As this is a question of procedure it should be determined according to the law of the forum in any event.[9] The rule stated in the Restatement of the Law of Torts is almost identical in terms with the general rule of the District of Columbia concerning motions for directed verdicts. See Jackson v. Capital Transit Co., 69 App.D.C. 147, 99 F.2d 380. While it is true that there must be some lateral space between station platforms and cars, because of the oscillation of the cars, whether the size of such a space under all the circumstances of the present case constituted negligence on the part of appellee was a question upon which reasonable men could differ. In our opinion, therefore, this question was one which should have gone to the jury.
Appellant assigned as error the exclusion, by the lower court, of evidence concerning the propriety of providing a bridge or an apron across the space into which she fell. Objection to appellant's questions on this point were sustained on the theory that it was improper for her to introduce such evidence unless she first proved the existence of a general practice of providing such bridges or aprons. The ruling of the lower court upon this question was correct. See Kilbride v. Carbon Dioxide & Magnesia Co., 201 Pa. 552, 556, 557, 51 A. 347, 348, 88 Am. St. Rep. 829.
Reversed.
[*] Writ of certiorari denied 59 S. Ct. 488, 83 L.Ed. ___.
[1] Paxson v. Davis, 62 App.D.C. 146, 65 F.2d 492, certiorari denied, 290 U.S. 643, 54 S. Ct. 61, 78 L. Ed. 558; Rubenstein v. Williams, 61 App.D.C. 266, 61 F.2d 575; Restatement, Conflict of Laws (1934) §§ 378, 379, 595. See, also, Cuba R. Co. v. Crosby, 222 U.S. 473, 32 S. Ct. 132, 56 L. Ed. 274, 38 L.R.A., N.S., 40; Young v. Masci, 289 U.S. 253, 258, 53 S. Ct. 599, 77 L. Ed. 1158, 88 A.L.R. 170; Benton v. Safe Dep. Bank of Pottsville, 255 N.Y. 260, 265, 174 N.E. 648, 649.
[2] Singer v. Messina, 312 Pa. 129, 167 A. 583, 89 A.L.R. 1271; Savannah, Florida & Western Ry. Co. v. Evans, 115 Ga. 315, 41 S.E. 631, 90 Am. St. Rep. 116; Restatement, Conflict of Laws (1934) § 585.
[3] Restatement, Conflict of Laws (1934) §§ 380, 594, 595. Cf. § 380(2).
[4] See Jackson v. Capital Transit Co., 69 App.D.C. 147, 99 F.2d 380, and authorities there cited.
[5] If the law of the forum makes it a condition of maintaining an action that the party bringing the action show himself free from fault, the condition must be fulfilled, although there is no such requirement in the state where the cause of action arose. Restatement, Conflict of Laws (1934) § 601. However, the law of the District of Columbia does not require either allegation or proof of absence of fault. That is a matter of defense. Atchison v. Wills, 21 App.D.C. 548. See Rule 8(c), Federal Rules of Civil Procedure, 28 U.S.C.A. following section 723c.

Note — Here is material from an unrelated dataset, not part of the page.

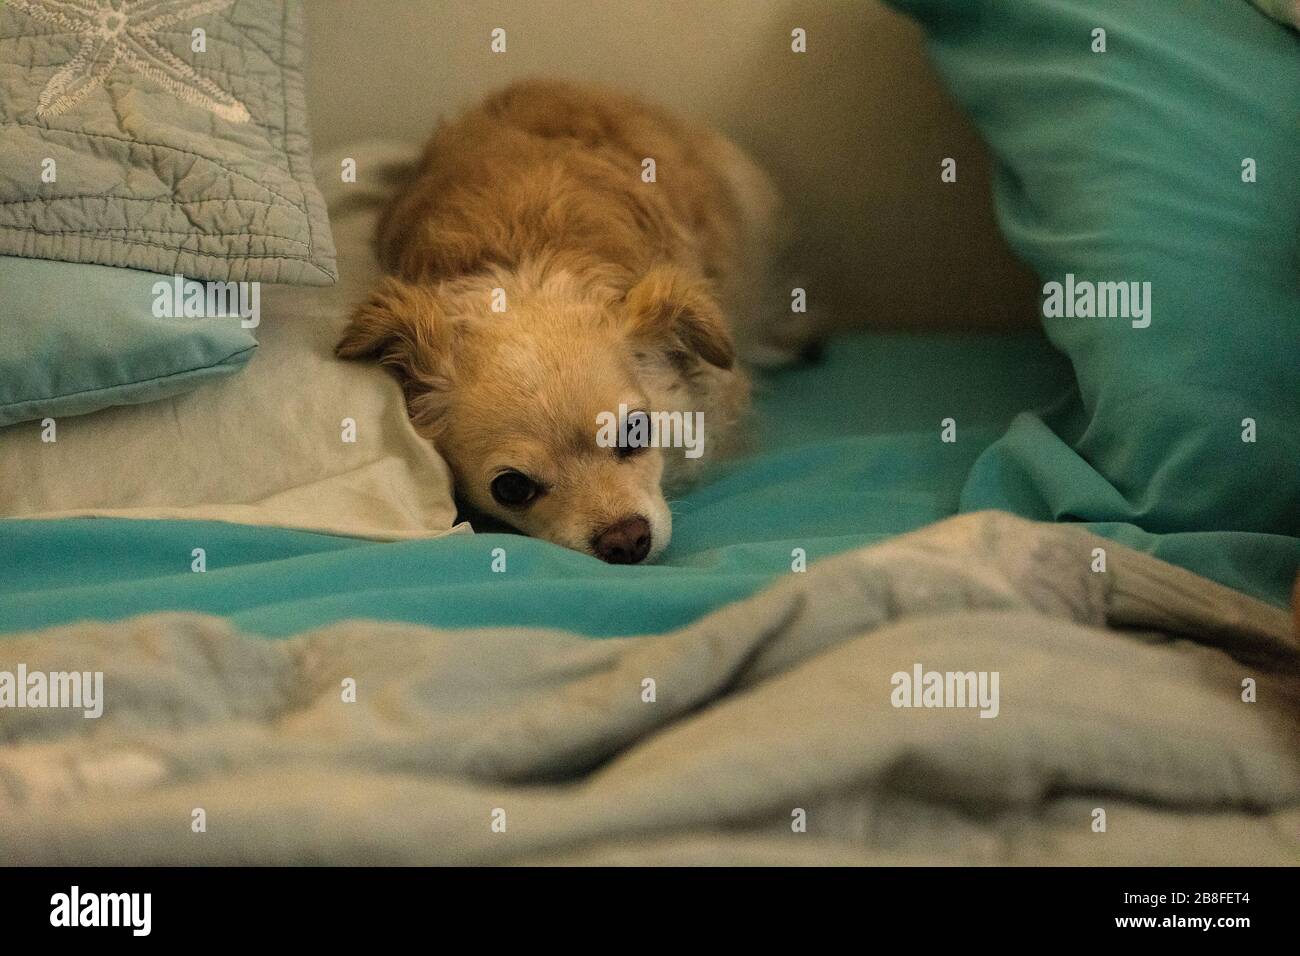 Le Chihuahua, un long et piquant, s'est enchevêtré dans un lit humain avec des draps bleus. Banque D'Images
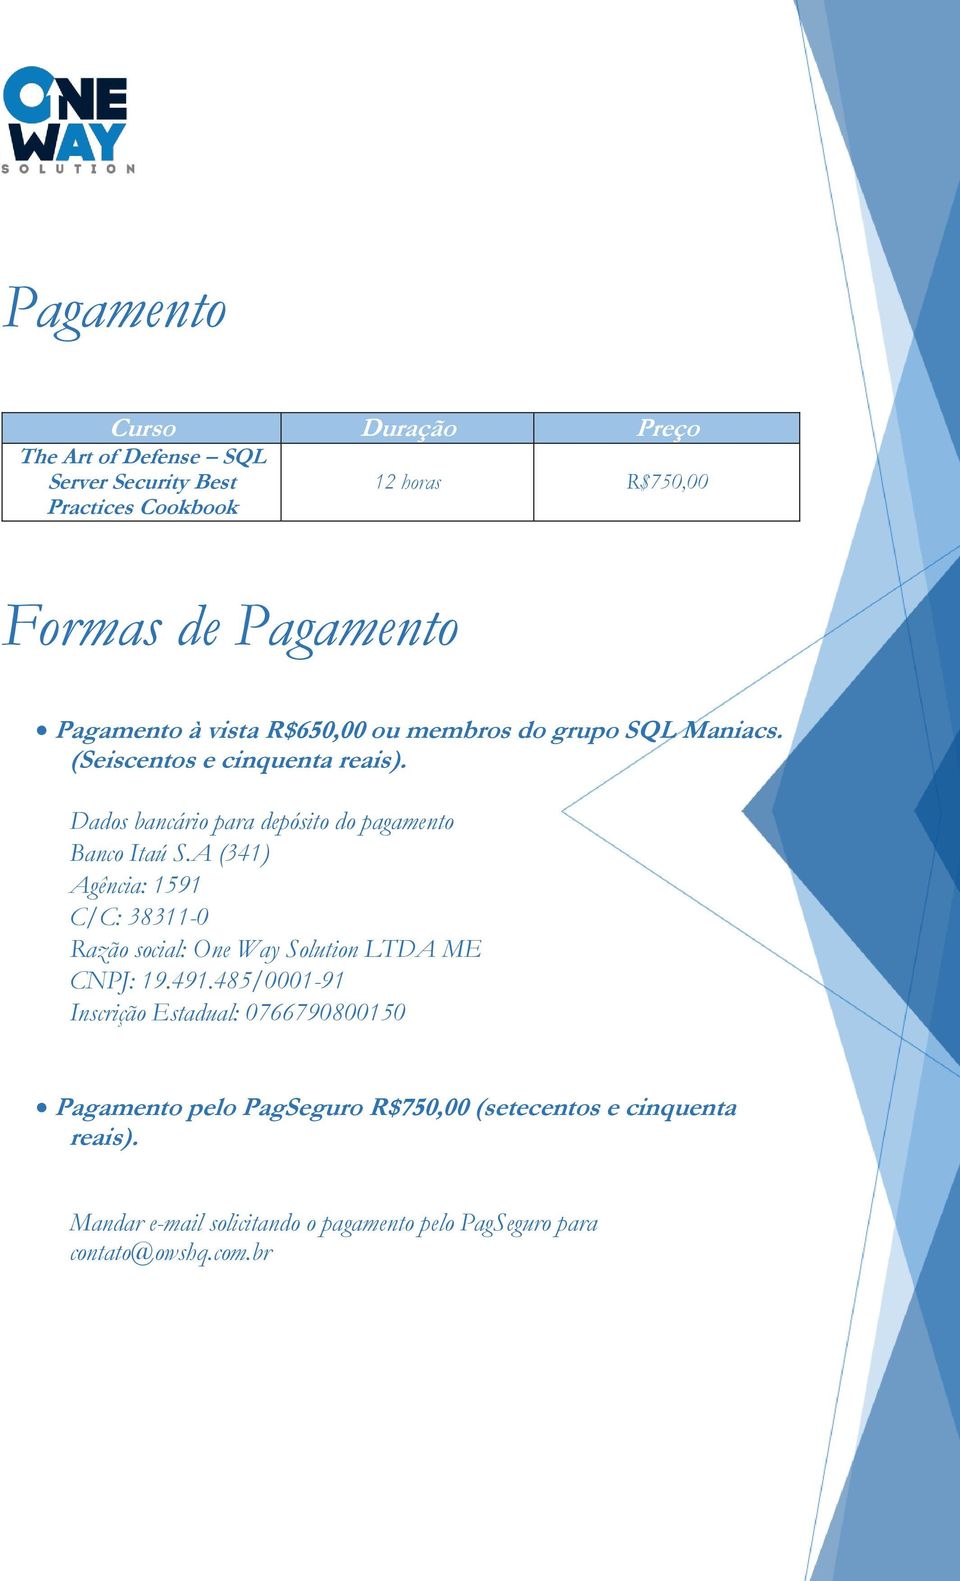 Dados bancário para depósito do pagamento Banco Itaú S.A (341) Agência: 1591 C/C: 38311-0 Razão social: One Way Solution LTDA ME CNPJ: 19.

[6] Pennsylvania R. Co. v. Rogers, 3 Cir., 244 F. 76; Davis v. Olson, 8 Cir., 298 F. 921.
[7] Mosheuvel v. District of Columbia, 191 U.S. 247, 24 S. Ct. 57, 48 L. Ed. 170; Walker v. Dante, 61 App.D.C. 175, 177, 58 F.2d 1076, 1078; Bloomer v. Snellenburg, 221 Pa. 25, 69 A. 1124, 21 L.R. A., N.S., 464.
[8] Cf. Twersky v. Pennsylvania R. Co., 261 Pa. 6, 104 A. 63.
[9] Singer v. Messina, 312 Pa. 129, 167 A. 583, 89 A.L.R. 1271; Rastede v. Chicago, St. P., M. & O. Ry. Co., 203 Iowa 430, 212 N.W. 751; Ferguson v. Harder, 141 Misc. 466, 252 N.Y.S. 783.